Барроуз вынул носовой платок, тщательно вытер лицо и заговорил более спокойно:

– Хотелось бы, конечно, верить, что это ложная тревога. Мне дороги Джон и Молли – то есть, прошу прощения, сэр Джон и леди Фарнли. Я их очень люблю. И если выяснится, что этот новоявленный претендент – шарлатан, то я… спляшу джигу на главной деревенской площади… ну, может, и не совсем так… но, помяни мое слово, костьми лягу, чтобы этот проходимец получил за лжесвидетельство хороший срок – посерьезней, чем тот тип в деле Тичборна, Артур Ортон. Ну а пока… раз уж ты вечером там будешь, не помешает объяснить тебе всю подноготную, чтобы ты понимал, как заварилась эта каша. Ты знаешь историю сэра Джона?

– Смутно. В общих чертах.

– Ну, милый мой, это никуда не годится, – с укоризной заметил Барроуз и покачал головой. – Может, ты и книгу свою тоже так пишешь, «в общих чертах»? Надеюсь, что нет. Слушай меня внимательно и хорошенько запоминай, как было дело. Перенесемся на двадцать пять лет назад, когда нашему сэру Джону было пятнадцать. Родился он в восемьсот девяносто восьмом году и был вторым сыном старого сэра Дадли и леди Фарнли. О том, что Джон может стать наследником, на тот момент речи не шло: титул и все прочее должно было достаться его старшему брату Дадли, в котором родители души не чаяли. Они хотели, чтобы сыновья выросли благородными людьми. Сэр Дадли, которого я знал всю свою жизнь, был человек старой закалки, воспитанный в викторианском духе. (Нет, не такой страшный ретроград, как любят рисовать этих джентльменов нынешние романисты; но я хорошо помню, что в детстве меня всякий раз удивляла его привычка совать мне шестипенсовик.) Родители не могли нарадоваться на молодого Дадли. А вот нашего Джона пай-мальчиком не считали. Мрачный, замкнутый, диковатый ребенок – до того угрюмый, что ему не прощались даже самые безобидные шалости. Никаким преступником он, ясно, не был; просто не вписывался в заведенные порядки и требовал, чтобы с ним обращались как со взрослым. А в пятнадцать лет у него случилась вполне взрослая история с одной буфетчицей из Мейдстоуна.

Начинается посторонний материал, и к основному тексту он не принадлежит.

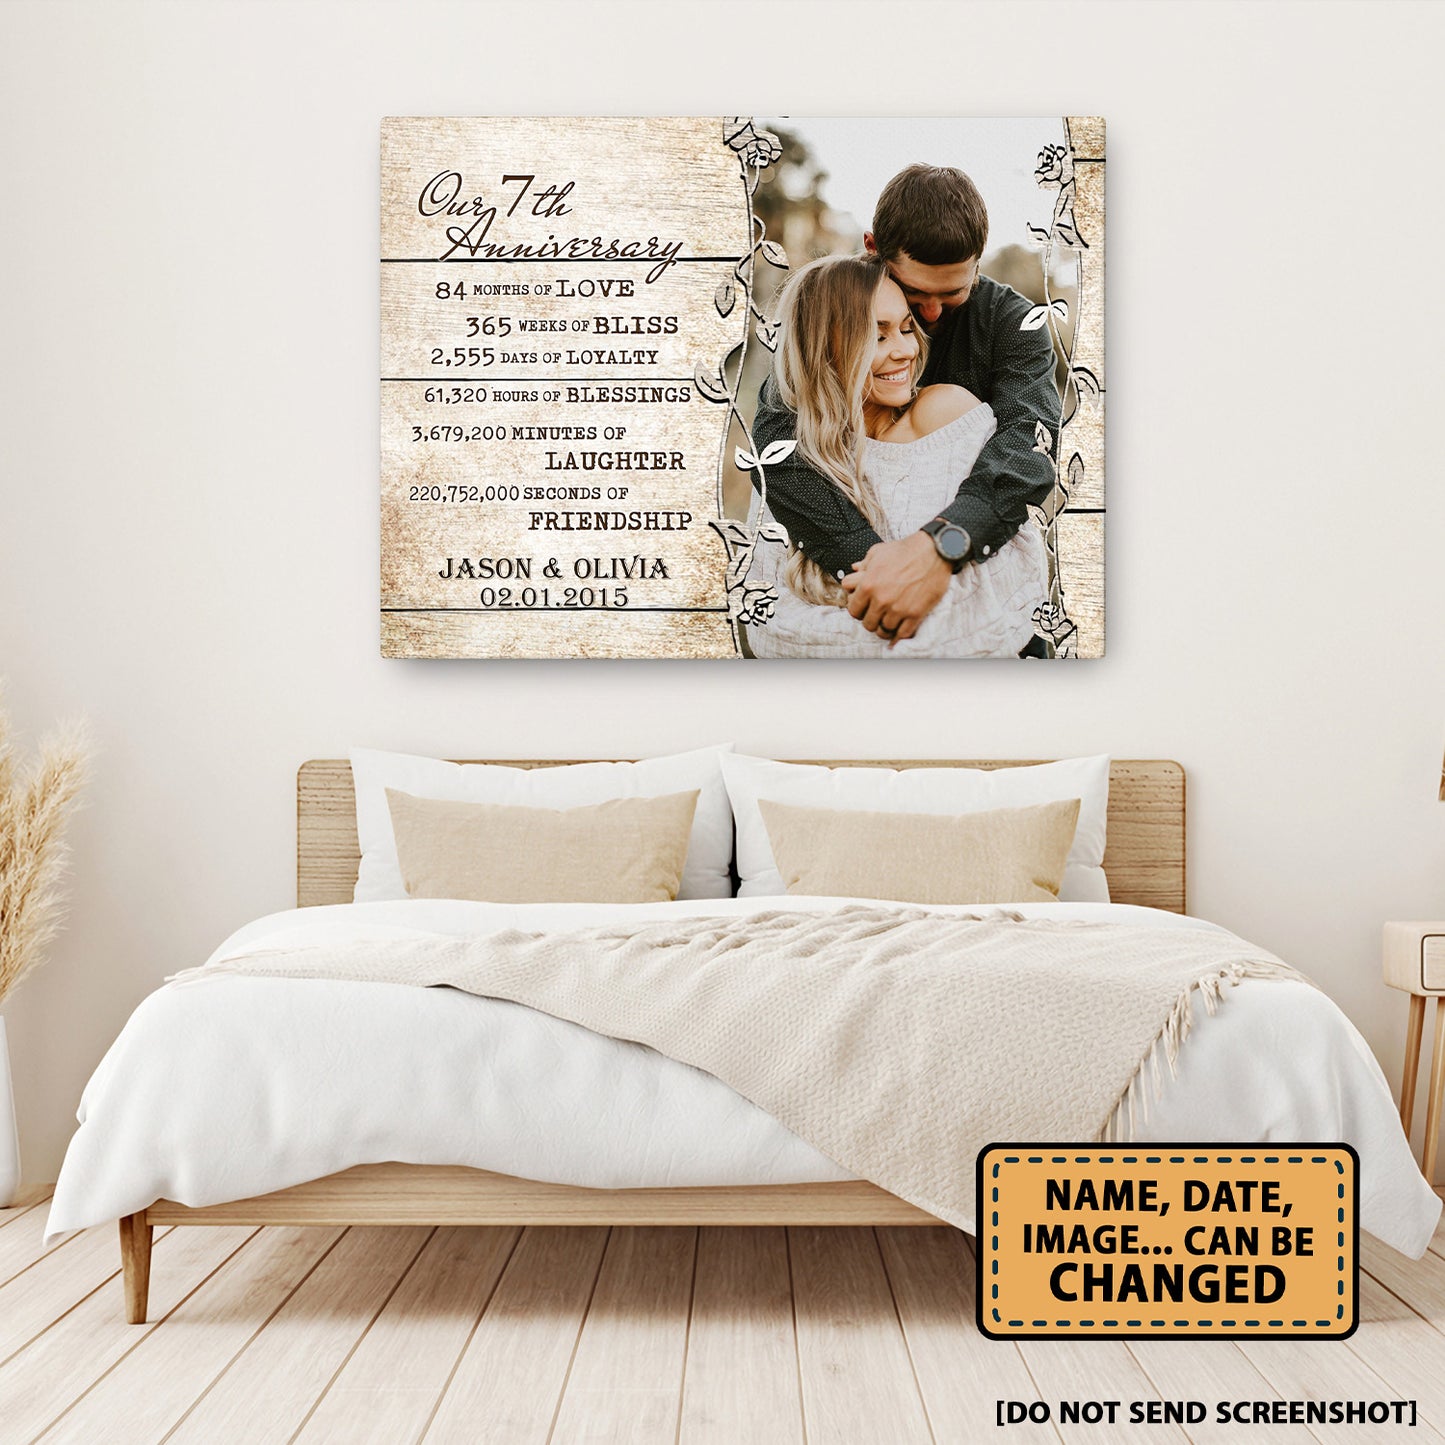 Our 7th Anniversary Custom Image Personalized Canvas Valentine Gifts

Пейдж присвистнул и выглянул в окно, словно ожидая увидеть самого Фарнли.

– В пятнадцать? – повторил он. – Похоже, парнишка был не промах.

– А то!

– И все-таки, знаешь… – Пейдж замялся, – мне всегда казалось, что Фарнли, насколько я его знаю…

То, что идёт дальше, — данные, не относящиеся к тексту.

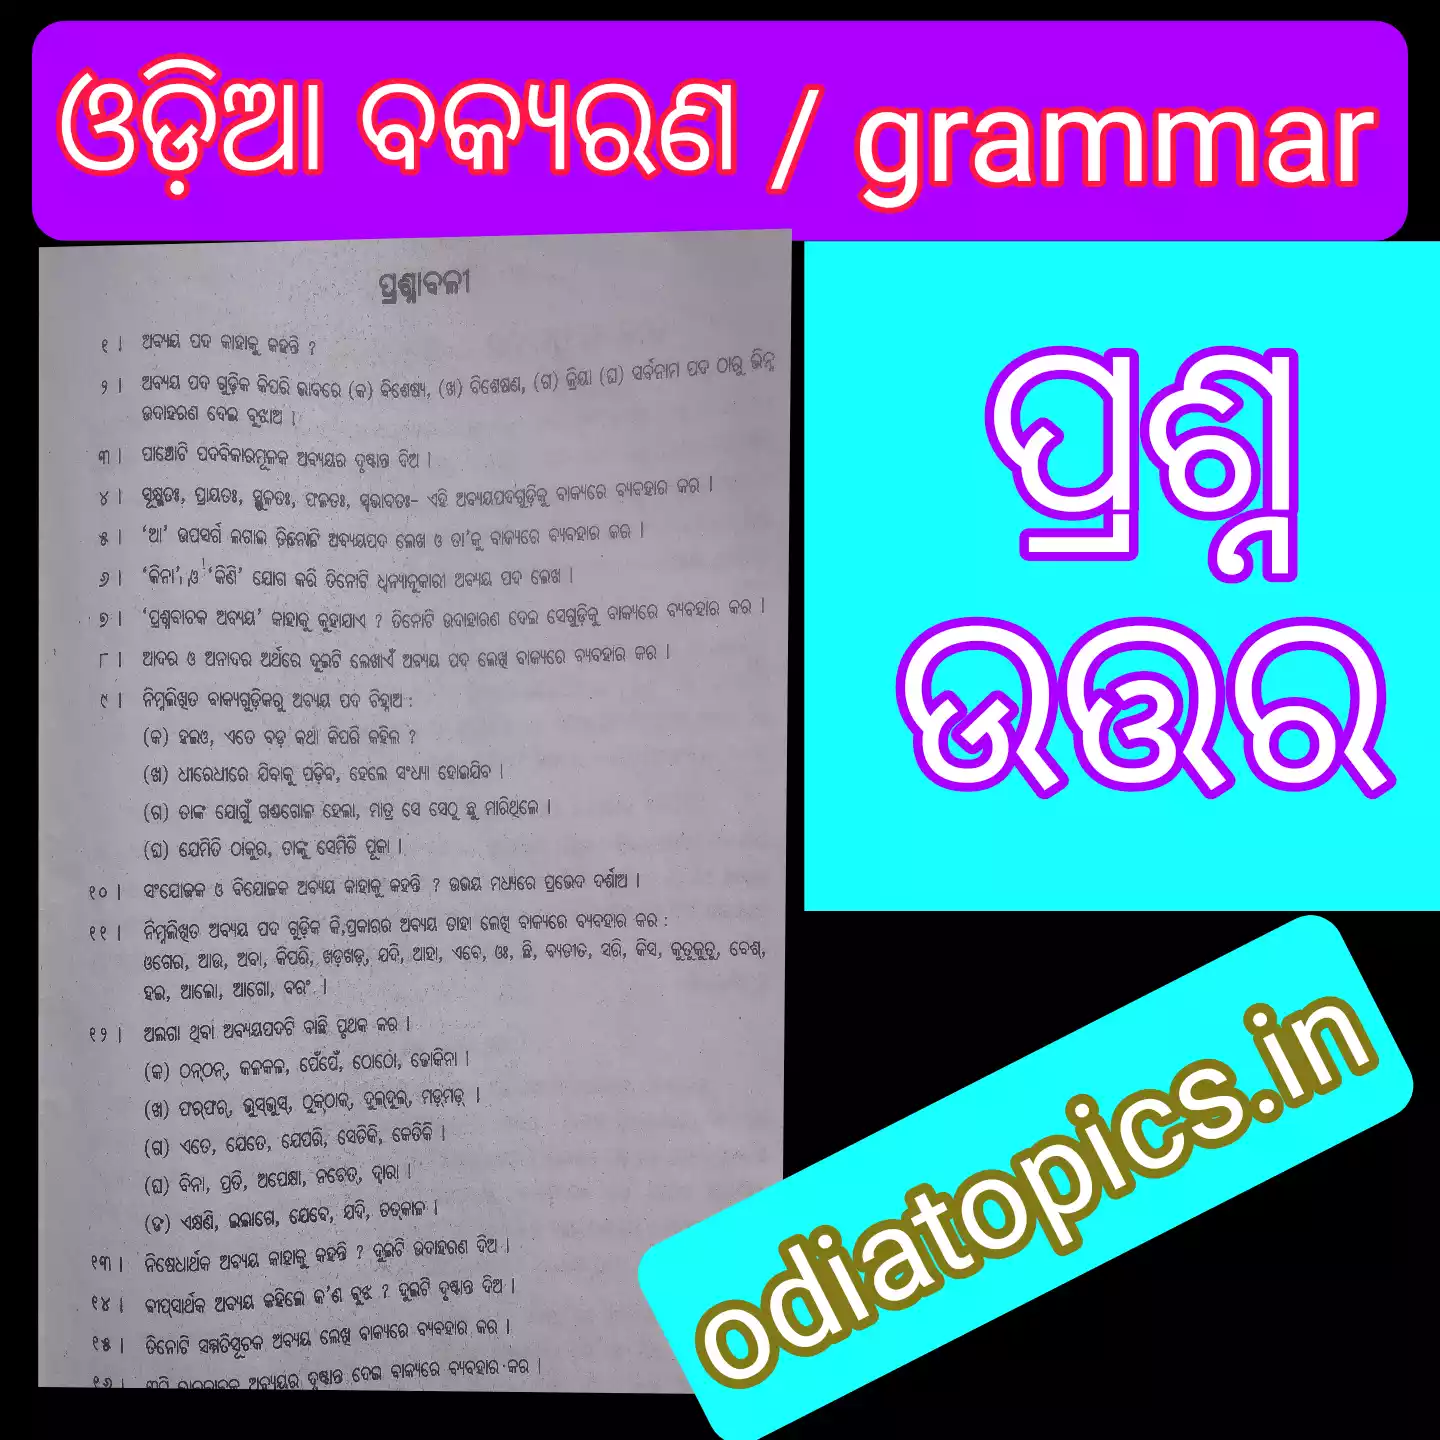 Odia Grammar questions and answers

– Немного пуританин? – подсказал Барроуз. – Да. Но мы сейчас говорим о пятнадцатилетнем мальчике. Стоит еще сказать, что в ту пору он увлекался оккультными науками, в том числе колдовством и сатанизмом. Но это еще полбеды. Потом его исключили из Итона, что подлило масла в огонь. Ну а довершил дело публичный скандал с буфетчицей, которая утверждала, что беременна. Сэр Дадли решил, что мальчуган непоправимо испорчен, что в нем воплотились самые дурные наклонности прежних поколений Фарнли, не гнушавшихся черной магии. Он заявил, что больше не желает видеть младшего сына. В общем, ставит на нем крест. Поступили, как обычно делается в таких случаях. У леди Фарнли нашелся в Америке преуспевающий кузен, и Джона решено было спровадить с глаз долой за океан. Единственным, кто имел на парнишку хотя бы какое-то влияние, был его учитель, Кеннет Маррей, молодой человек лет двадцати двух – двадцати трех. В Фарнли-Клоуз его взяли после того, как Джон перестал ходить в школу. Немаловажно упомянуть, что Маррей увлекался научной криминалистикой, отчего сразу же завоевал симпатии мальчугана. По тем временам подобное хобби считалось не слишком почтенным, но старый сэр Дадли благоволил к Маррею и против этих занятий не возражал. В то самое время, когда юный Джон окончательно разочаровал сэра Дадли, Маррею предложили место заместителя директора школы в Гамильтоне, на Бермудах. Предложение было заманчивое, разве что от дома далековато. Он согласился: в Фарнли-Клоуз в его услугах все равно больше не нуждались. Ради спокойствия родителей договорились, что Маррей довезет мальчика до Нью-Йорка. Затем он должен был передать Джона кузену леди Фарнли, а сам пересесть на пароход до Бермудов.